In this use case, we showcase how, starting with a simple table containing sampling-like information (geographical coordinates and dates), it is possible to retrieve meteorological or environmental data around each of these sampling points at chosen lags before the sampling dates.
Here, let’s say that we have a dataset containing abundances of mosquitoes vectors of malaria. These mosquitoes were periodically collected in several villages of a region of Northern Côte d’Ivoire during 1.5 years. In total, 8 entomological surveys were performed in 32 villages of this area.
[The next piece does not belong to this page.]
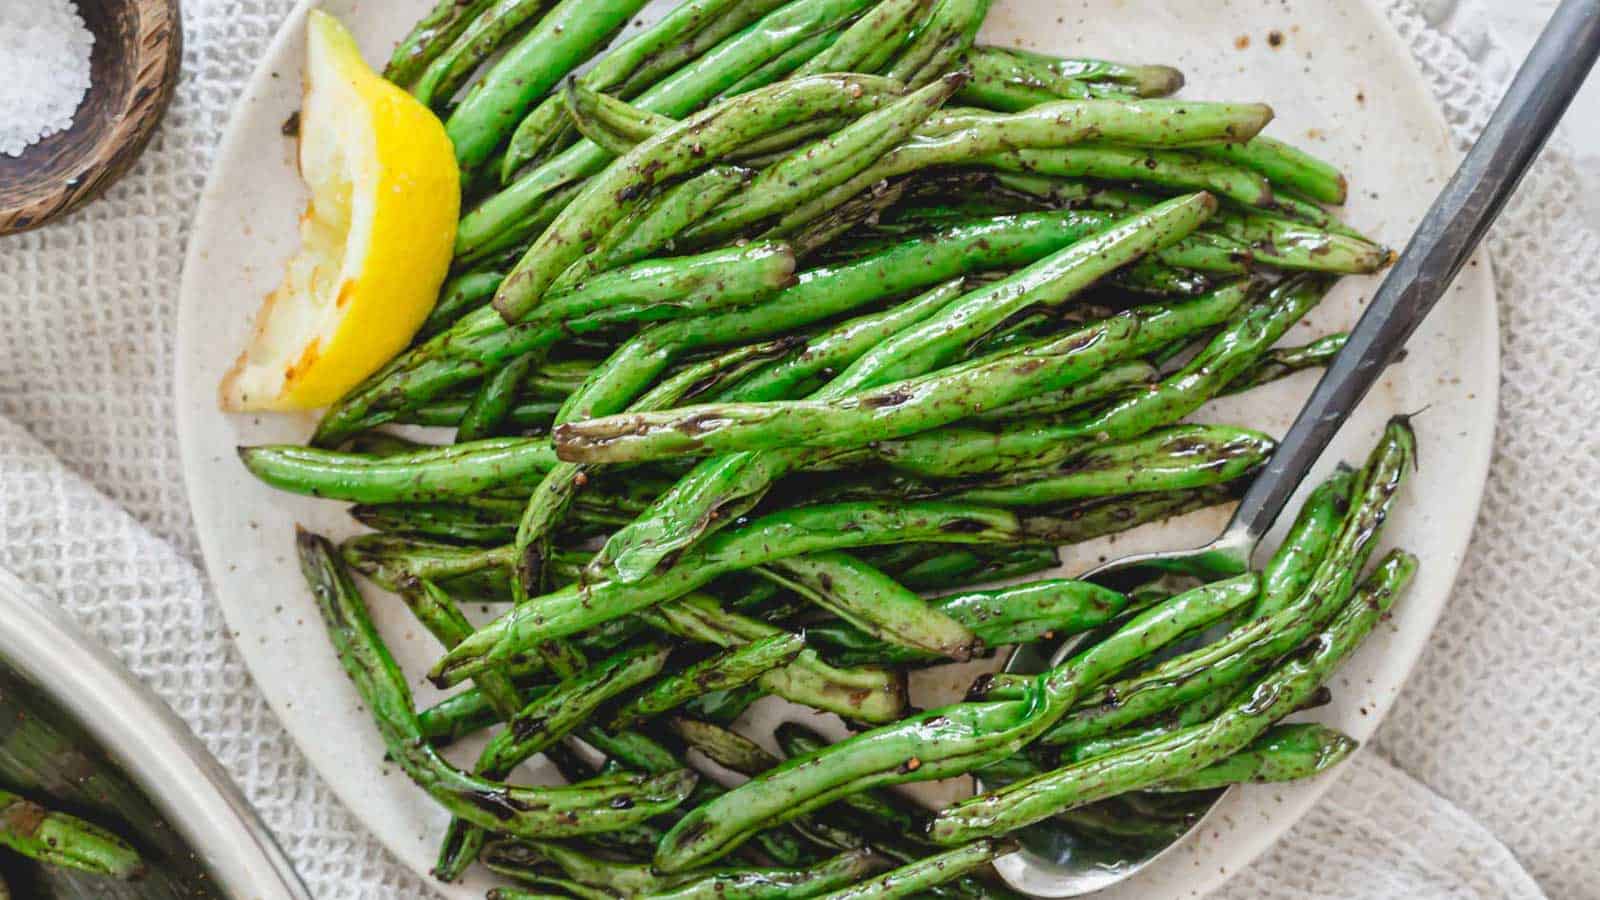 Grilled Asian green beans on a plate with a lemon wedge.
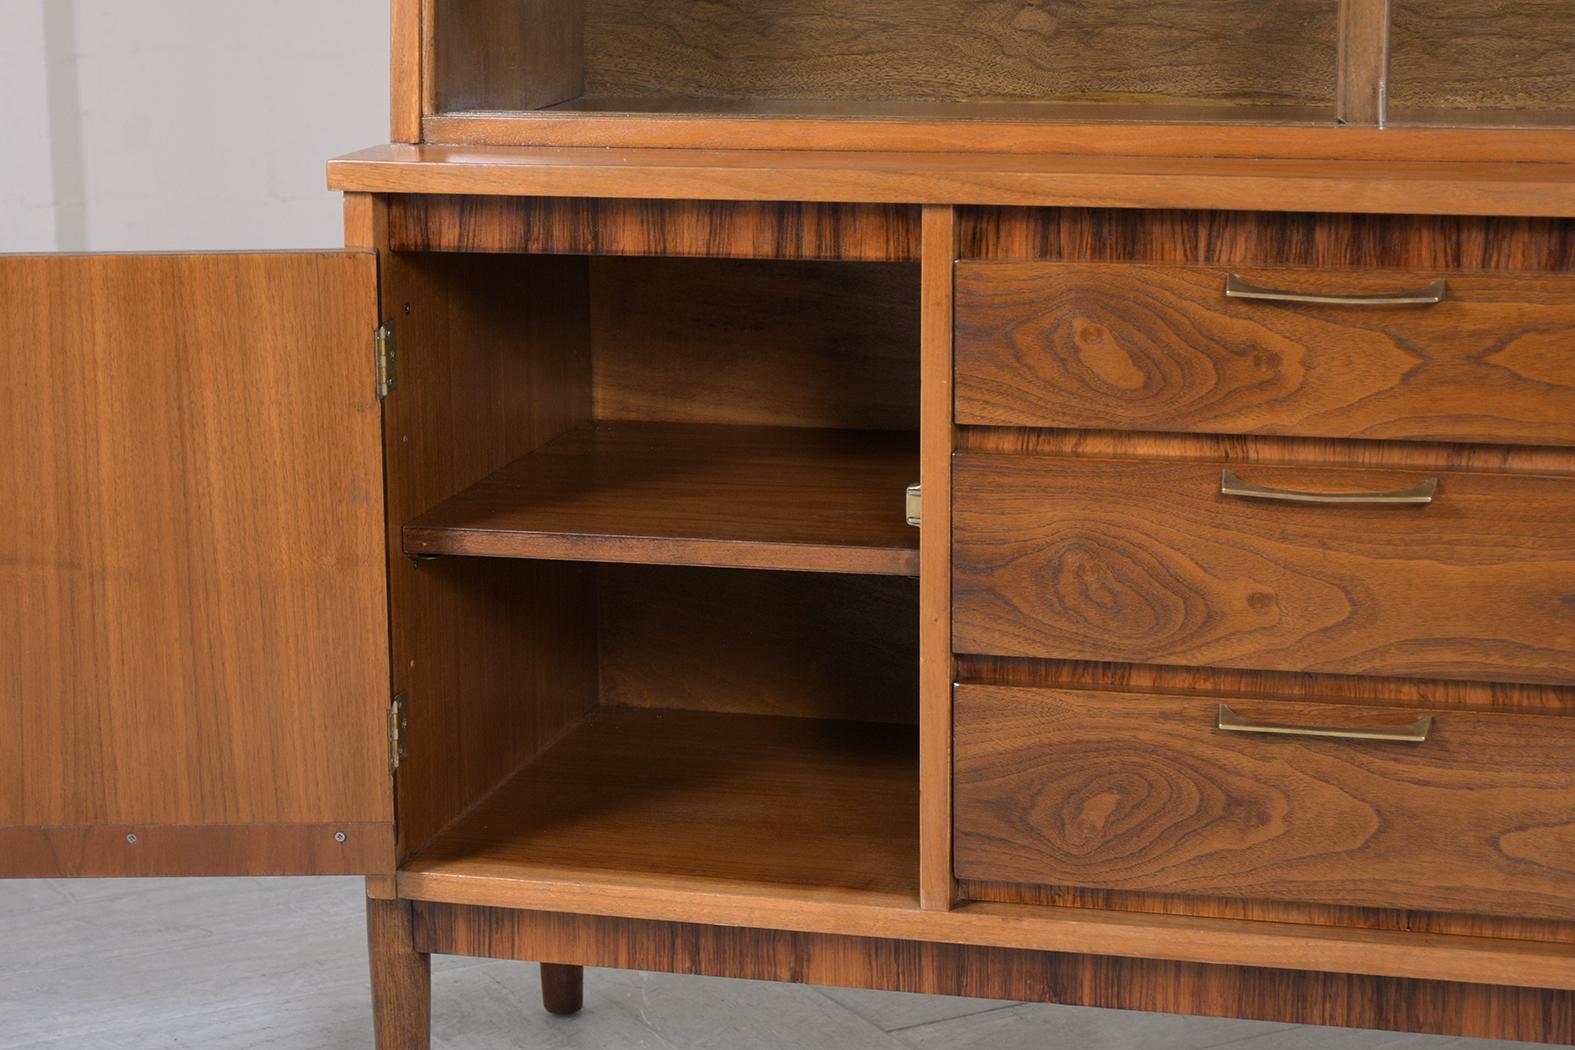 Lacquer 1960 Mid-Century Modern Walnut Sideboard with Rosewood Veneers and Glass Display

In order to analyze the effects of temperature and rainfall on the abundance of these mosquitoes, we want to get the average temperature and cumulated rainfall for each collection point, in a 2-km radius buffer zone, one month before each collection date.
For information, the full ‘real’ dataset was published in the GBIF and exhaustively described in this data paper.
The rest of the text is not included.